Exercise brief
The complete set of records should be given again verbatim.

Extracted records
• • • • • • •
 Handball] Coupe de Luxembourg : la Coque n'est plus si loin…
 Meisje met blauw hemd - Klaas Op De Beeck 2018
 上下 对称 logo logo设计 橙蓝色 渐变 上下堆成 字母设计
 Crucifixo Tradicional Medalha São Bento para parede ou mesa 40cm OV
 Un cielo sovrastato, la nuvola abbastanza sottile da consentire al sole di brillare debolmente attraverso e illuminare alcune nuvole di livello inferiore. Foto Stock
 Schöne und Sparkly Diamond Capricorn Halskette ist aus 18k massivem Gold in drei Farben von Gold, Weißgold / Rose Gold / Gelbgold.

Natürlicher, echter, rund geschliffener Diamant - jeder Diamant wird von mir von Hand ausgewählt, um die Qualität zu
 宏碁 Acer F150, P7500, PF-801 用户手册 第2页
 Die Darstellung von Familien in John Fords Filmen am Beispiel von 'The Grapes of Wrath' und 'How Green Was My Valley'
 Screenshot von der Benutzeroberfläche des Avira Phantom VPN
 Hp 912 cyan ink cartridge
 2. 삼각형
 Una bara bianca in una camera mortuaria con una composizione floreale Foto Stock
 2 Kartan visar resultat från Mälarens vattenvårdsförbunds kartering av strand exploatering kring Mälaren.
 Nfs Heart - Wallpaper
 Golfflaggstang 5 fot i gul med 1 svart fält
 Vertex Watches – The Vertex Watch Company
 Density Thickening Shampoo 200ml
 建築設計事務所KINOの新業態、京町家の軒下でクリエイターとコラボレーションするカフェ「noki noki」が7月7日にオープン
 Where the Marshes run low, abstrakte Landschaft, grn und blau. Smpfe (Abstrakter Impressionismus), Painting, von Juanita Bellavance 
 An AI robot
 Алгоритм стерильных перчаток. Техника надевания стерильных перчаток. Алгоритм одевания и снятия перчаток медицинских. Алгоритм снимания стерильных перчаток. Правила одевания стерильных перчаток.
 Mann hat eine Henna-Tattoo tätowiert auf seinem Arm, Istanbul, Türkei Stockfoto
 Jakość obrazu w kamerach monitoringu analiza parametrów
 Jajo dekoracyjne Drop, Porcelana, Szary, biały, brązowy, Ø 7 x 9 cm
• • • • • • •
Exercise response
 Handball] Coupe de Luxembourg : la Coque n'est plus si loin…
 Meisje met blauw hemd - Klaas Op De Beeck 2018
 上下 对称 logo logo设计 橙蓝色 渐变 上下堆成 字母设计
 Crucifixo Tradicional Medalha São Bento para parede ou mesa 40cm OV
 Un cielo sovrastato, la nuvola abbastanza sottile da consentire al sole di brillare debolmente attraverso e illuminare alcune nuvole di livello inferiore. Foto Stock
 Schöne und Sparkly Diamond Capricorn Halskette ist aus 18k massivem Gold in drei Farben von Gold, Weißgold / Rose Gold / Gelbgold.

Natürlicher, echter, rund geschliffener Diamant - jeder Diamant wird von mir von Hand ausgewählt, um die Qualität zu
 宏碁 Acer F150, P7500, PF-801 用户手册 第2页
 Die Darstellung von Familien in John Fords Filmen am Beispiel von 'The Grapes of Wrath' und 'How Green Was My Valley'
 Screenshot von der Benutzeroberfläche des Avira Phantom VPN
 Hp 912 cyan ink cartridge
 2. 삼각형
 Una bara bianca in una camera mortuaria con una composizione floreale Foto Stock
 2 Kartan visar resultat från Mälarens vattenvårdsförbunds kartering av strand exploatering kring Mälaren.
 Nfs Heart - Wallpaper
 Golfflaggstang 5 fot i gul med 1 svart fält
 Vertex Watches – The Vertex Watch Company
 Density Thickening Shampoo 200ml
 建築設計事務所KINOの新業態、京町家の軒下でクリエイターとコラボレーションするカフェ「noki noki」が7月7日にオープン
 Where the Marshes run low, abstrakte Landschaft, grn und blau. Smpfe (Abstrakter Impressionismus), Painting, von Juanita Bellavance 
 An AI robot
 Алгоритм стерильных перчаток. Техника надевания стерильных перчаток. Алгоритм одевания и снятия перчаток медицинских. Алгоритм снимания стерильных перчаток. Правила одевания стерильных перчаток.
 Mann hat eine Henna-Tattoo tätowiert auf seinem Arm, Istanbul, Türkei Stockfoto
 Jakość obrazu w kamerach monitoringu analiza parametrów
 Jajo dekoracyjne Drop, Porcelana, Szary, biały, brązowy, Ø 7 x 9 cm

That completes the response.